31st December 2022 – 06th January 2023 | Another week in the markets

S&P 500NasdaqVIXDJIARussell 1000NYSE
Nifty 50GoldSilverBrent crudeUSD-INREUR-INR
1.68%1.33%1.09%1.70% -0.05%0.76%

Source: MarketWatch 

Hello Saturday,

This week the US tech industry sees more massive layoffs, unemployment rate dips, and Bed Bath & Beyond states it’s on the brink of bankruptcy.

  • December Jobs report reveals unemployment rate falls to 3.5% from 3.6% in November; a low unemployment rate is not a good sign for inflation and will only trigger the Fed to keep the monetary policy tight 
  • Major tech layoffs continue as Amazon, Salesforce, and Vimeo announce laying off their workforce by 1.2%, 10%, and 11% respectively 
  • Meta fined over $400 million by EU’s regulator over Facebook and Instagram’s breach of General Data Protection Regulations; Meta to appeal the ruling over targeted ads 
  • Special Purpose Acquisition Companies (SPACs) bubble bursts with rapid liquidation at a rate of four per day; SPAC founders lose over $1.1 billion in 2022
  • Bed Bath & Beyond stock plunges over 30% as the company announces worse-than-expected sales and potential bankruptcy 

Taking stock | Unempflation | New year housekeeping | Fine-toothed comb | SPACing out | Bed Bath & Bankruptcy | Invest wisely

Taking stock

Wall Street rallied on Friday after the December Jobs report showed cooling wage growth, signalling that inflation pressure may be easing. For the week, S&P climbed 1.45%, the Dow gained 1.46%, and Nasdaq advanced 0.98%. Both S&P and Nasdaq snapped out of a four-week losing streak.

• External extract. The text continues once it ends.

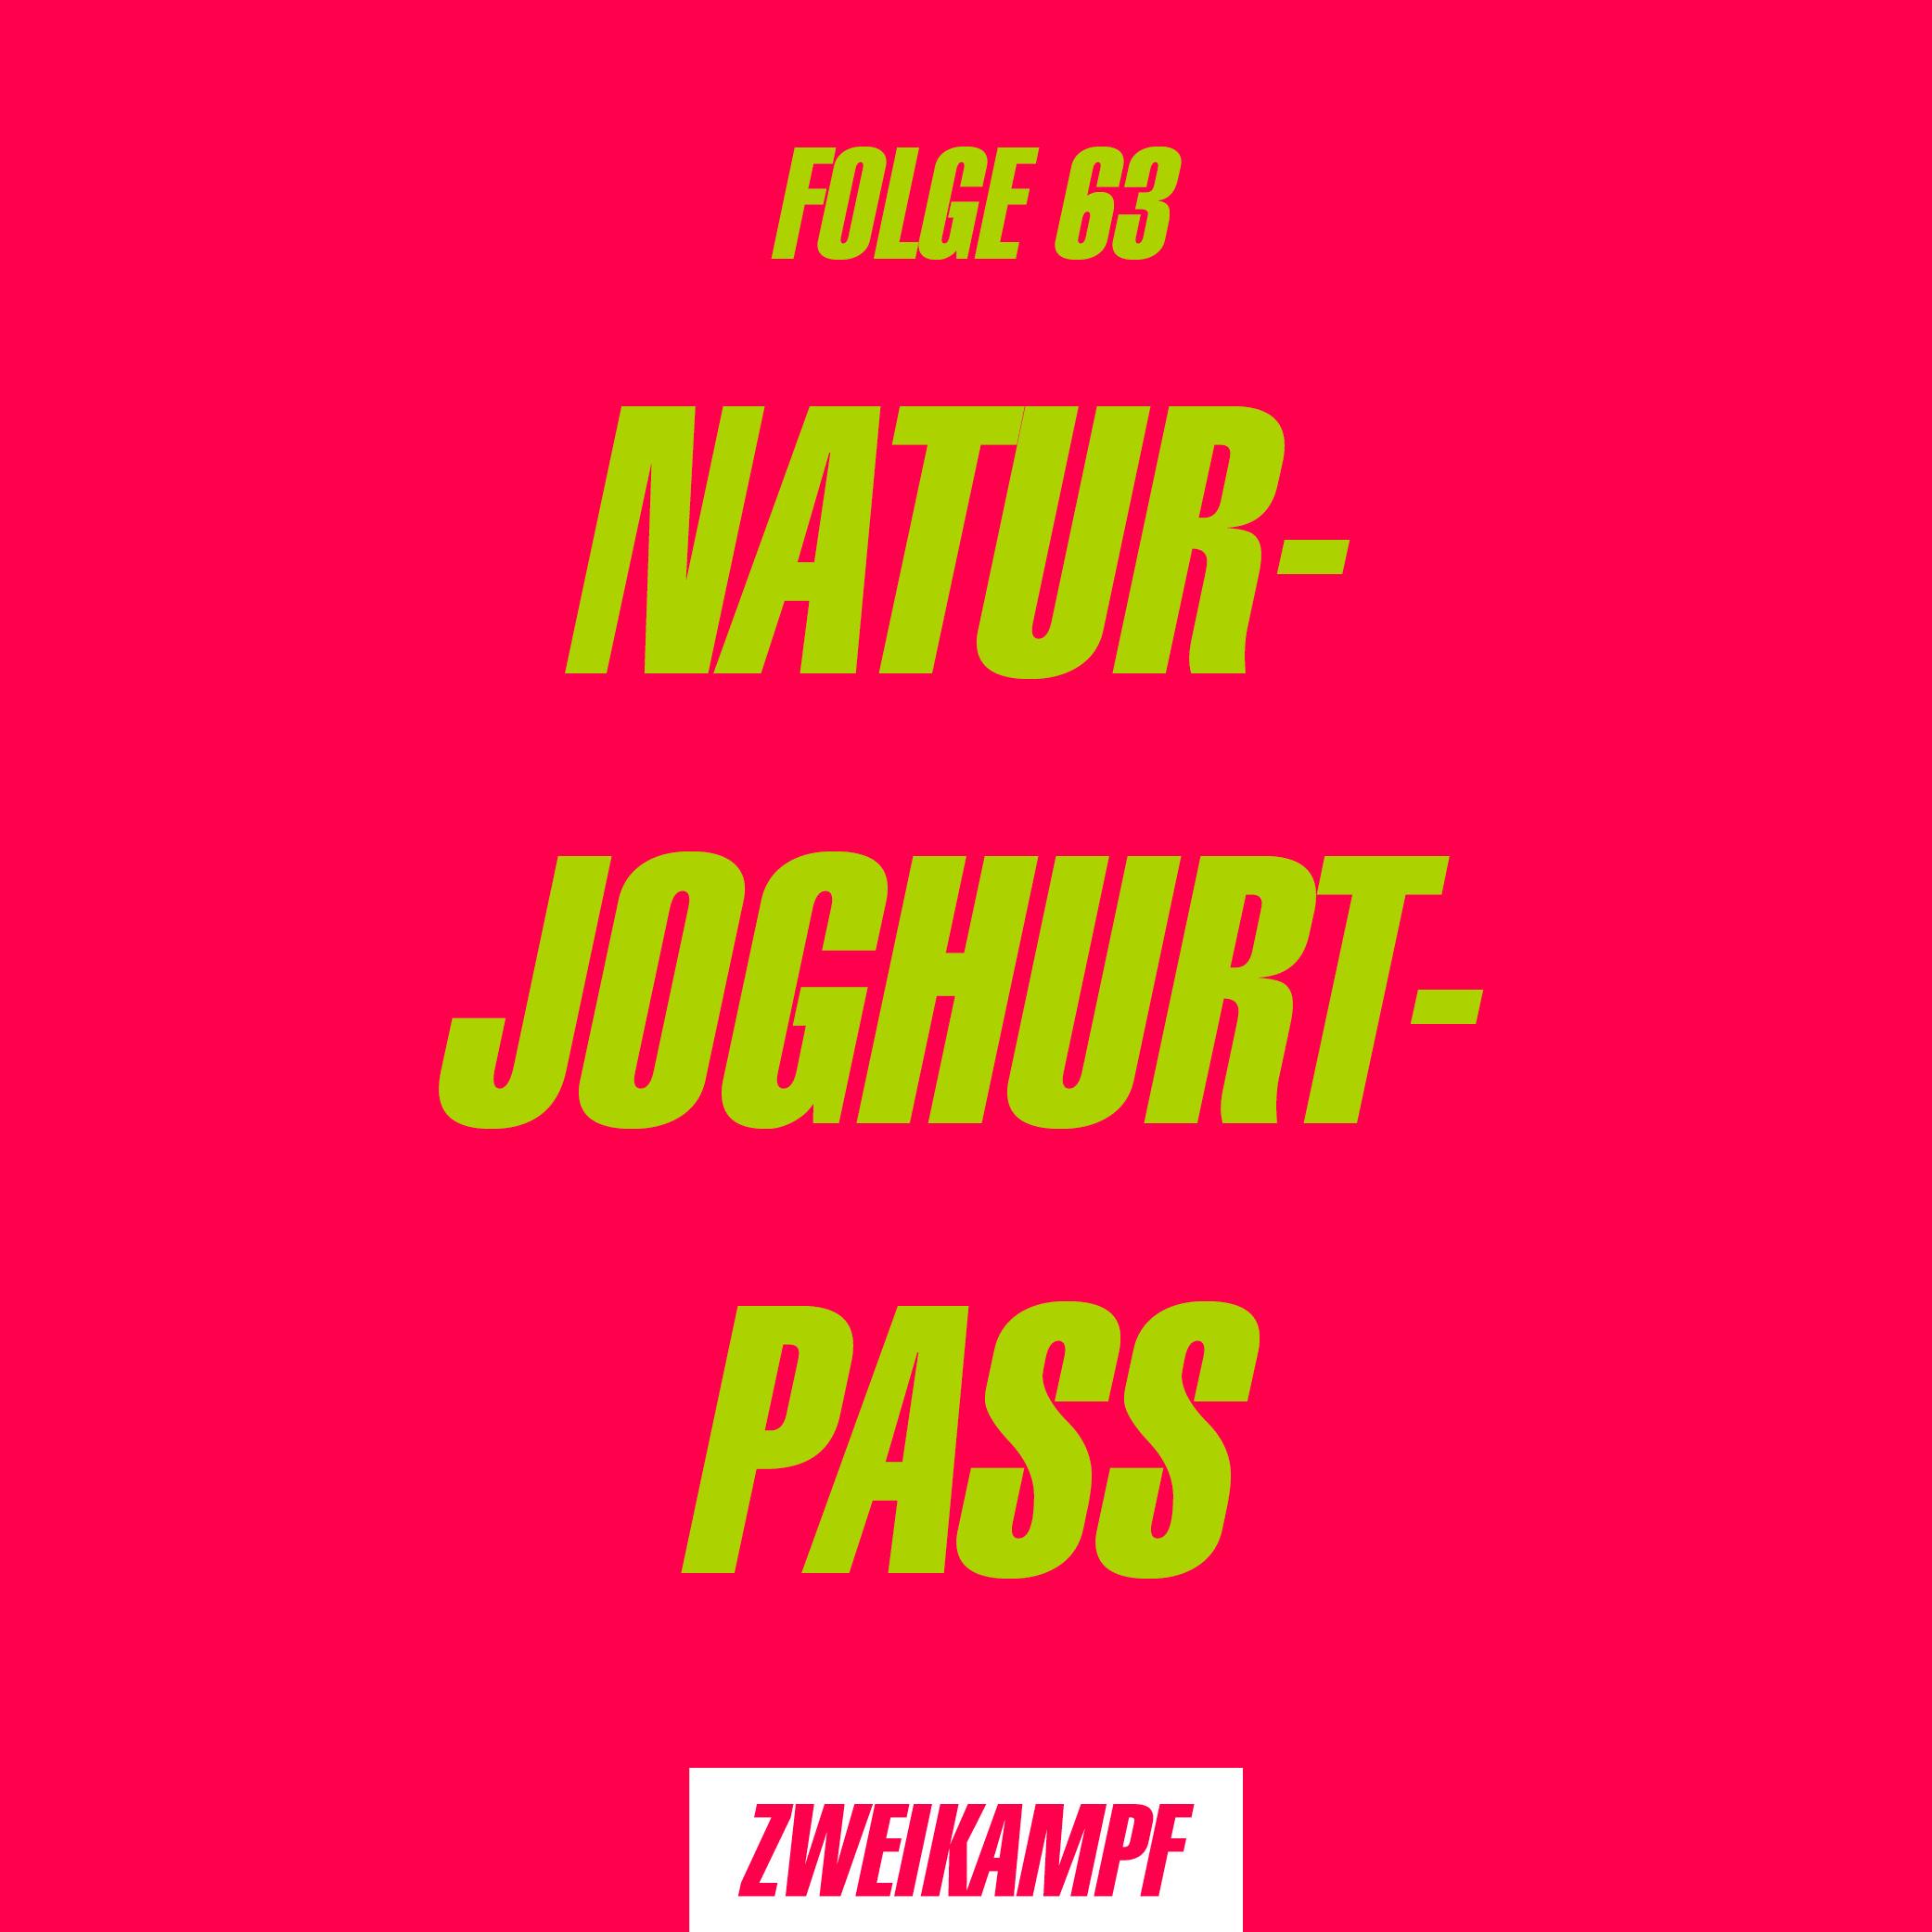 Folge 63: Naturjoghurtpass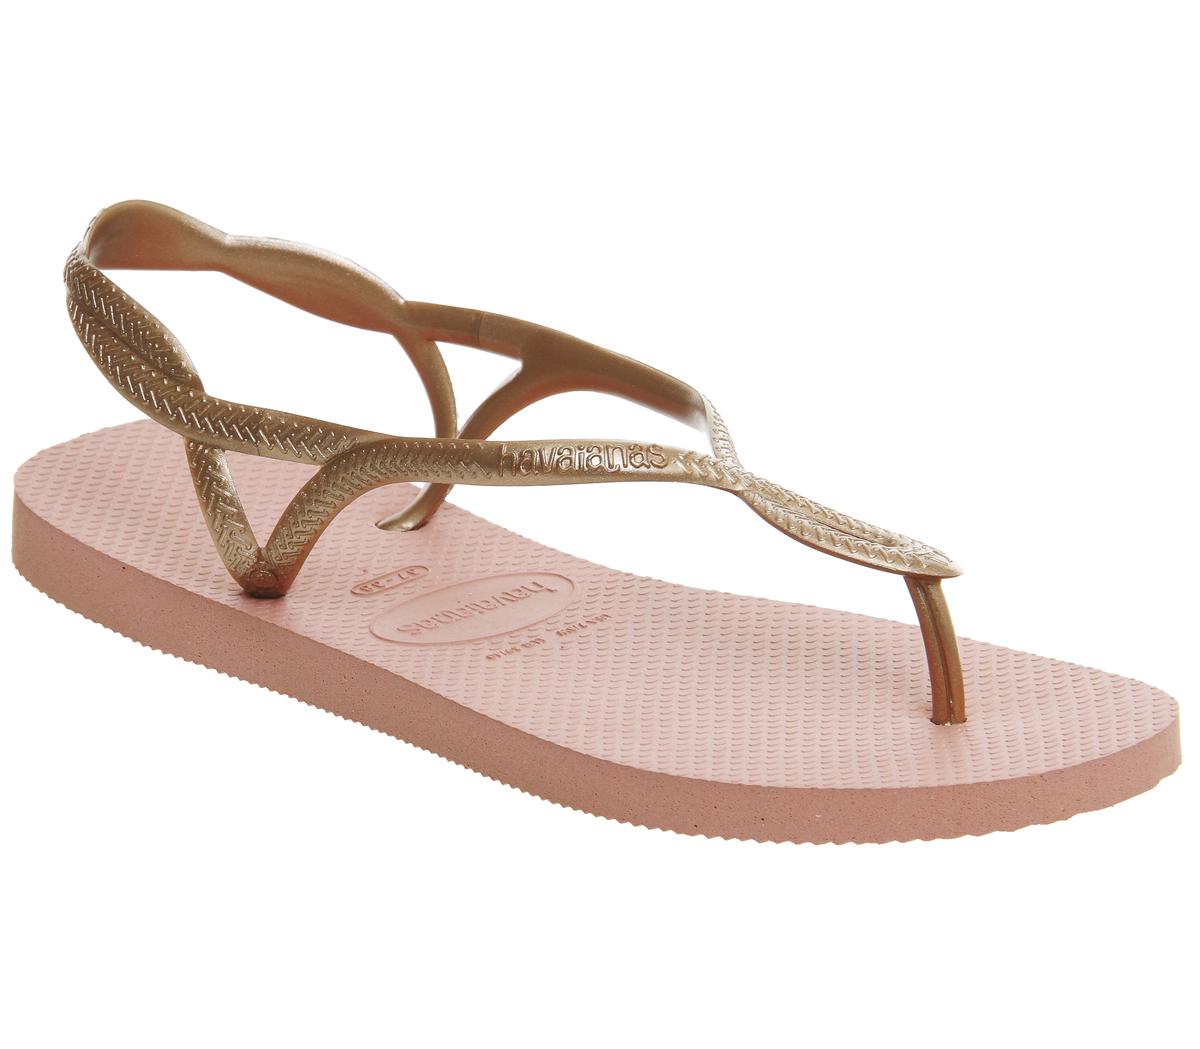 082b966ff Sentinel Womens Havaianas Luna Flip Flops LIGHT ROSE Sandals

On Thursday, major US indices lost more than 1% as the ADP National Employment report revealed a higher-than-expected rise in private employment in December. On Friday, however, stocks rallied as the December jobs report showed that job additions in December were smaller than in November, while average hourly earnings also cooled. However, the unemployment rate fell to 3.5% from 3.6% a month ago. Lower unemployment, while good news for the economy, is not the best news for stocks. 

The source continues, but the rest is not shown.